Internally the OpenNLP service to load tokenizer models for languages. That means that tokenizer models are loaded via the DataFileProvider infrastructure. For user that means that custom tokenizer models are loaded from the Stanbol Datafiles directory ({stanbol-working-dir}/stanbol/datafiles).

LinkingStateAware

Added with STANBOL-1070 this interface allows to receive callbacks about the processing state of the entity linking process. This interface define methods for start/end section as well as start/end token. Both the start and the end method do parsed the active Span as parameter. An instance of this interface can be parsed to the constructor of the EntityLinker implementation.

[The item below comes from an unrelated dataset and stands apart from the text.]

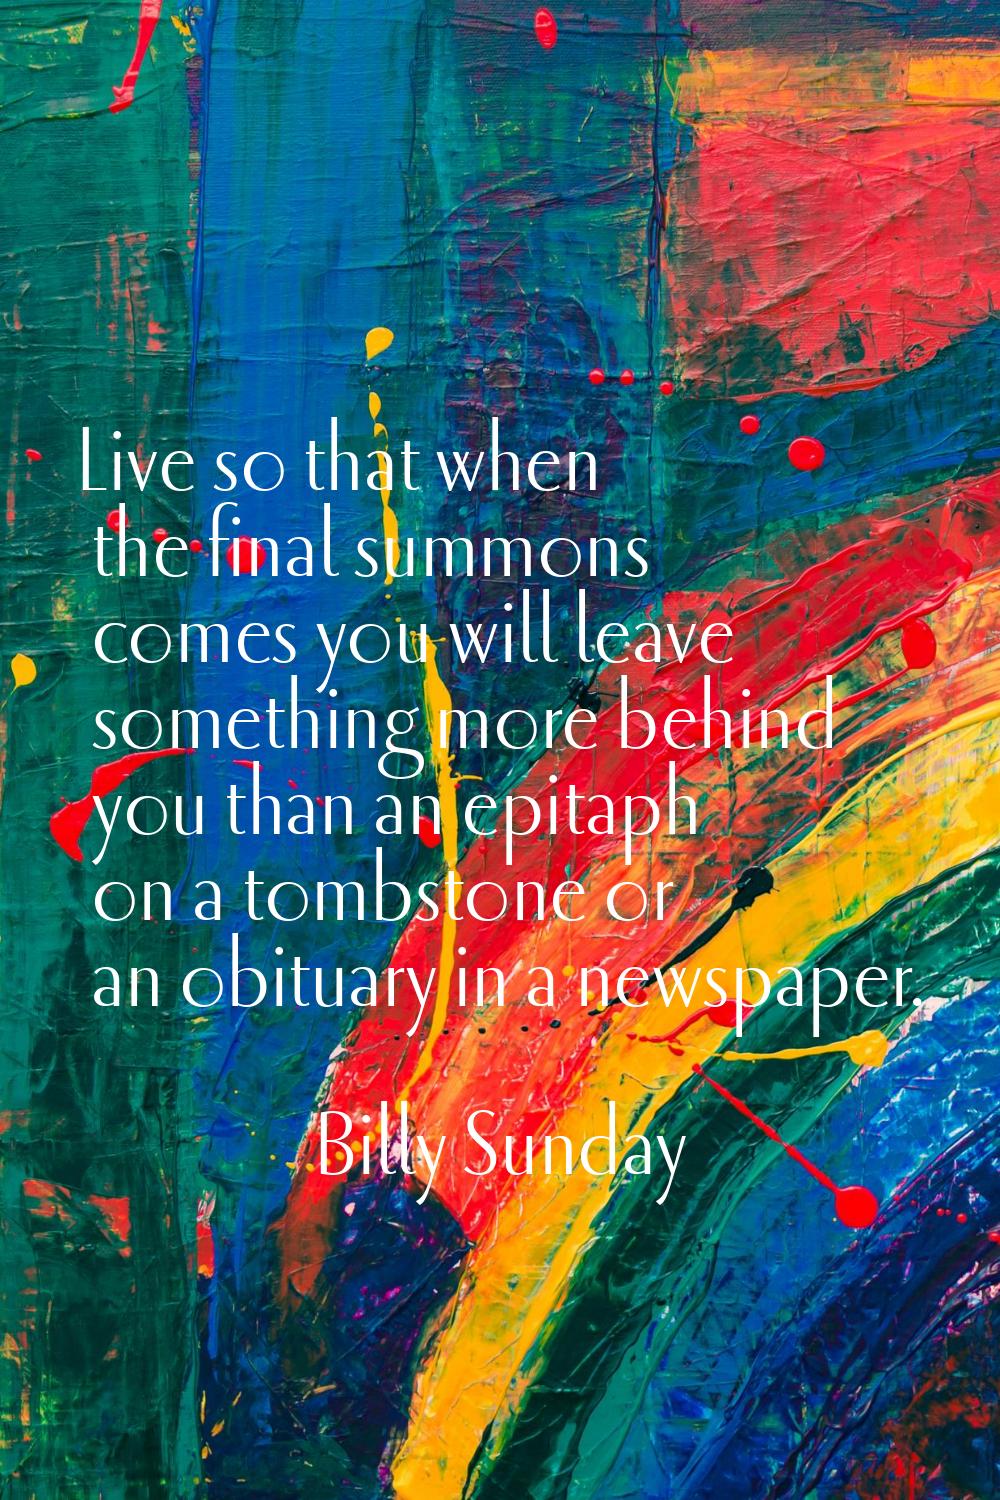 Live so that when the final summons comes you will leave something more behind you than an epitaph 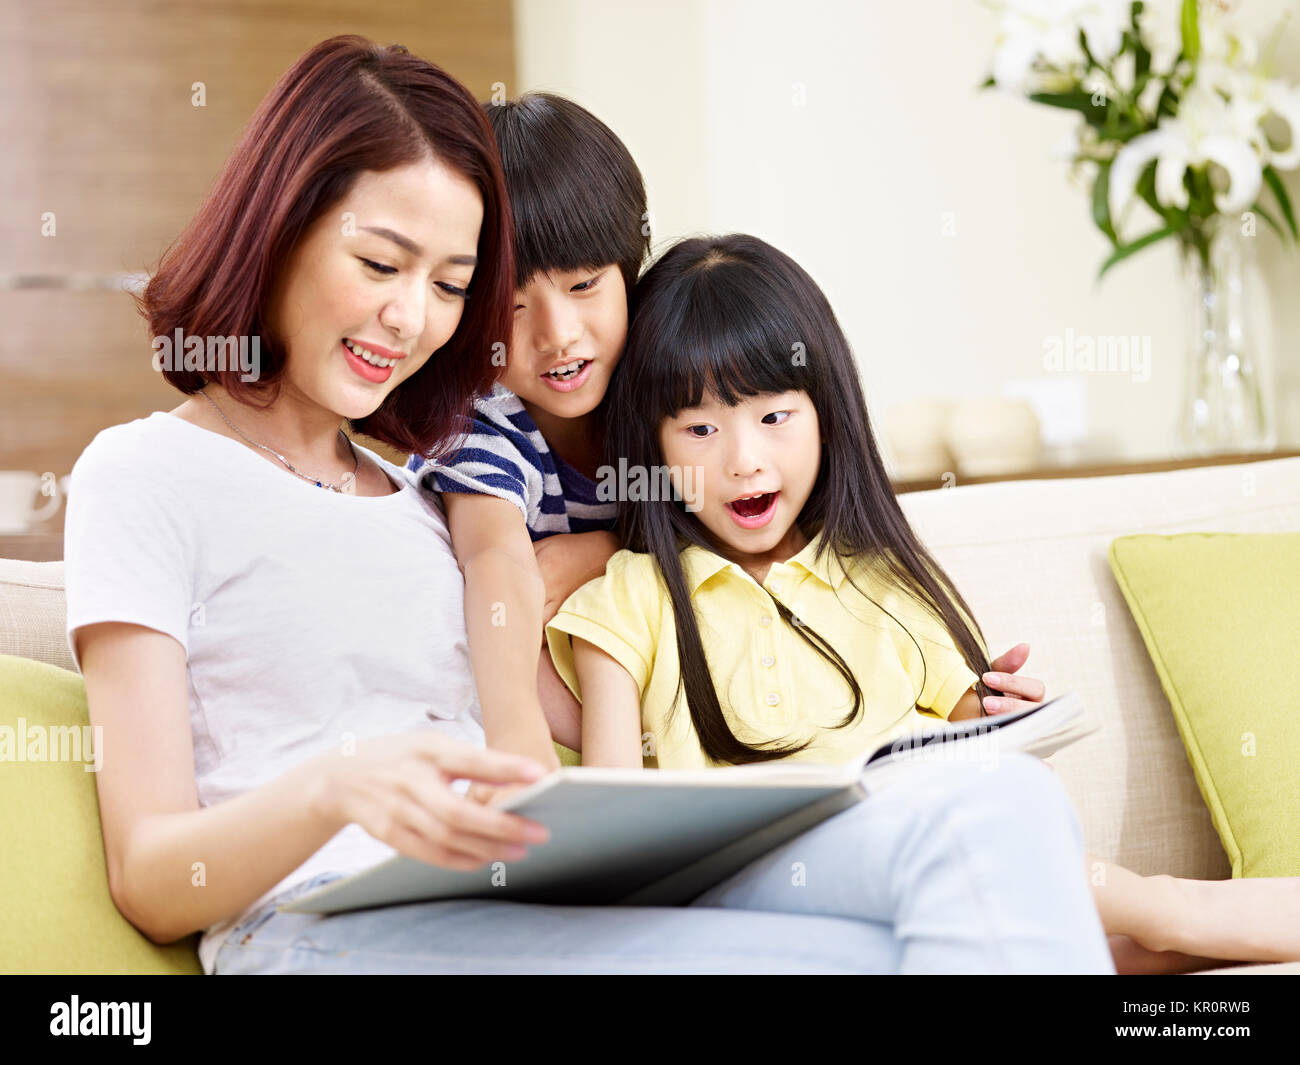 young asian mother sitting on couch at home reading story to two little children. Stock Photo

The typical usage of this extension point is as follows:

@Reference 
protected LabelTokenizer labelTokenizer;

private TextProcessingConfig textProcessingConfig;
private EntityLinkerConfig linkerConfig;

private EntitySearcher entitySearcher;

@Activate
@SuppressWarnings("unchecked")
protected void activate(ComponentContext ctx) throws ConfigurationException {
    super.activate(ctx);
    Dictionary<String,Object> properties = ctx.getProperties();
    //extract TextProcessing and EnityLinking config from the provided properties
    textProcessingConfig = TextProcessingConfig.createInstance(properties);
    linkerConfig = EntityLinkerConfig.createInstance(properties,prefixService);

    //create/init the entitySearcher
    entitySearcher = new MyEntitySearcher();

    //parse additional properties
}

public void computeEnhancements(ContentItem ci) throws EngineException {
    AnalysedText at = NlpEngineHelper.getAnalysedText(this, ci, true);
    String language = NlpEngineHelper.getLanguage(this, ci, true);

    //create an instance of your LinkingStateAware implementation
    LinkingStateAware linkingStateAware; //= new YourImpl(..);

    //create one EntityLinker instance per enhancement request
    EntityLinker entityLinker = new EntityLinker(at,language, 
        languageConfig, entitySearcher, linkerConfig, 
        labelTokenizer, linkingStateAware);

    //during processing we will receive callbacks to the 
    //linkingStateAware instance
    try {
        entityLinker.process();
    } catch (EntitySearcherException e) {
        log.error("Unable to link Entities with "+entityLinker,e);
        throw new EngineException(this, ci, "Unable to link Entities with "+entityLinker, e);
    }
}

Note that it is also possible to use a single EntityLinker/LinkingStateAware pair to process multiple ContentItems. However in this case received callbacks need to be filtered based on the AnalysedText being the context of the Span instanced parsed to the callback methods.

@Override
public void startToken(Token token) {
    //process based on the context
    AnalysedText at = token.getContext();
    // …
}

In addition such a usage would require the LinkingStateAware implementation to be thread save.